Third, pray it with you children. Begin each day by praying the Lord’s Prayer around the breakfast table. Let each child repeat a phrase until you have said the whole prayer. The brevity and cadence of the Lord’s Prayer is so simple that young children can learn it even if they don’t understand all the words. If your children learn this prayer early on, they will not forget it when they are older.
Four, try praying this prayer for someone else. The Lord’s Prayer is a great guide to intercessory prayer. Begin by praying that God’s name might be honored in that person’s life, that they might submit their life to God’s kingdom and God’s will, and then go on from there. Every righteous thing that you could desire for any friend is contained somewhere in the Lord’s Prayer.

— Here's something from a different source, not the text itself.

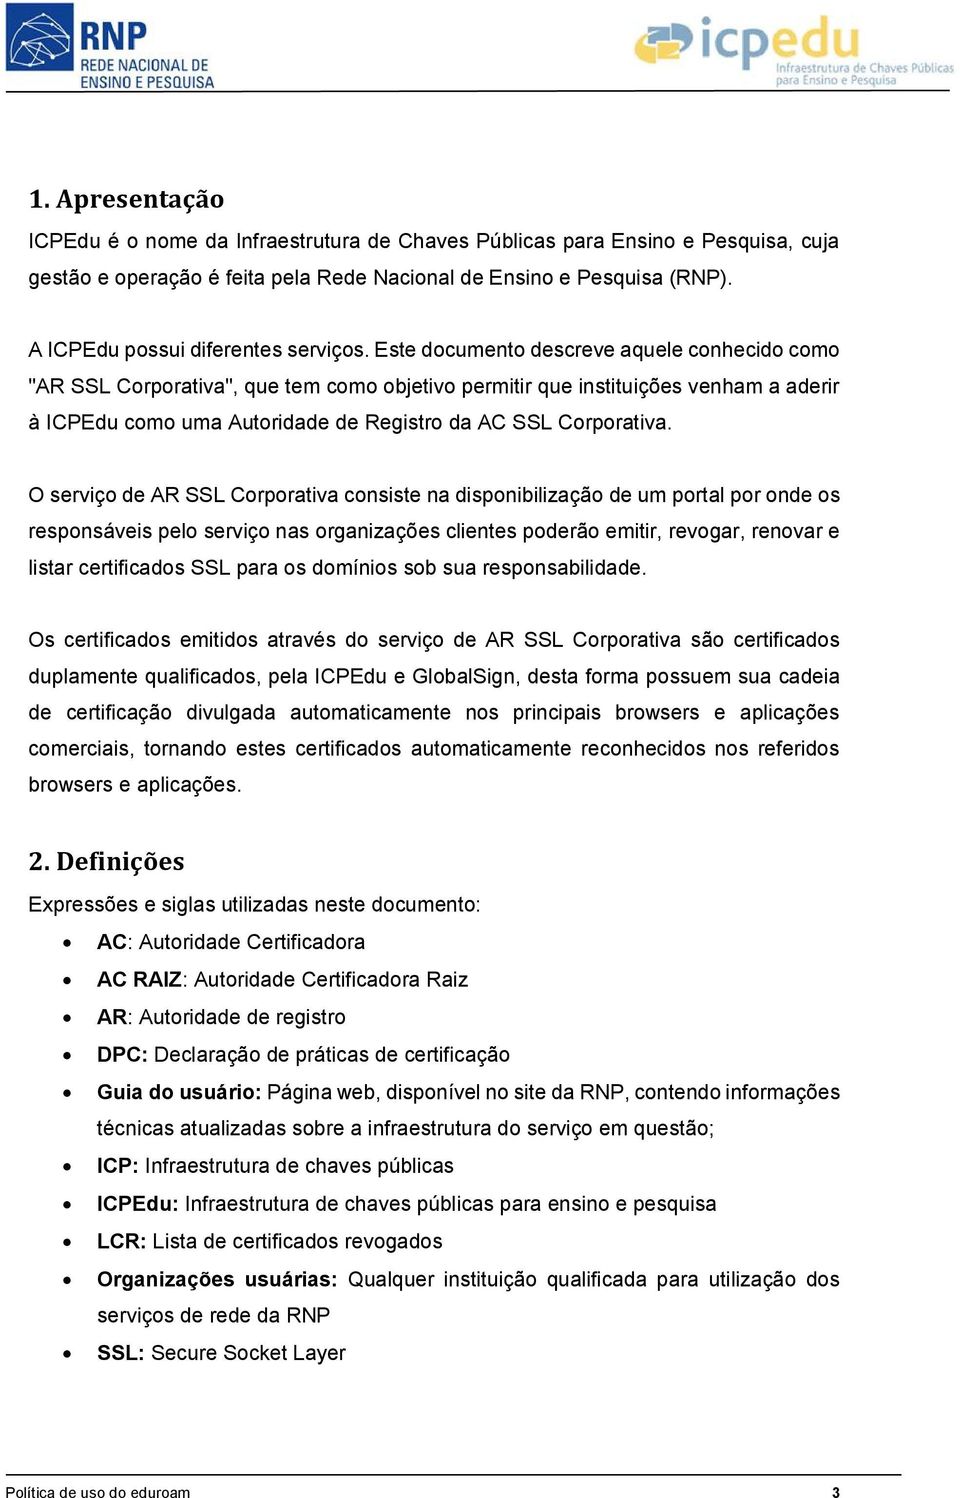 Este documento descreve aquele conhecido como "AR SSL Corporativa", que tem como objetivo permitir que instituições venham a aderir à ICPEdu como uma Autoridade de Registro da AC SSL Corporativa.

Five, teach it to someone else. Use this book as a study guide. Read a chapter together and work through the questions. And don’t forget to tackle the Action Step every week. While you’re at it, go ahead and jot down notes, thoughts, observations and questions in the margin of the book. I wrote this book to be used and not merely to take up space on a bookshelf. By teaching this prayer to someone else, you’ll be helping at least two people-your friend and you. By the way, the Lord’s Prayer would make an excellent study for a small group or a Sunday School class. It‘s also an excellent pattern for group prayer.
We’ll know we’ve begun to learn what this prayer is all about when we become “Lord’s Prayer People.” Those are the people who have taken this prayer off the pages of Holy Scripture and made it a part of their lives. They not only say this prayer, but also believe it and live it and share it with others. God grant that we should all become “Lord’s Prayer People” and so bring glory and honor to the One who taught us to pray in this way.
Lord Jesus, we have your words before us. How simple they are, yet how profound. It will take us a lifetime and more to fully comprehend them. Thank you for making this prayer simple so that we could understand it. Thank you for making this prayer profound so that we would never grow bored by it. May your words become our prayer so that your glory might become our goal. Amen.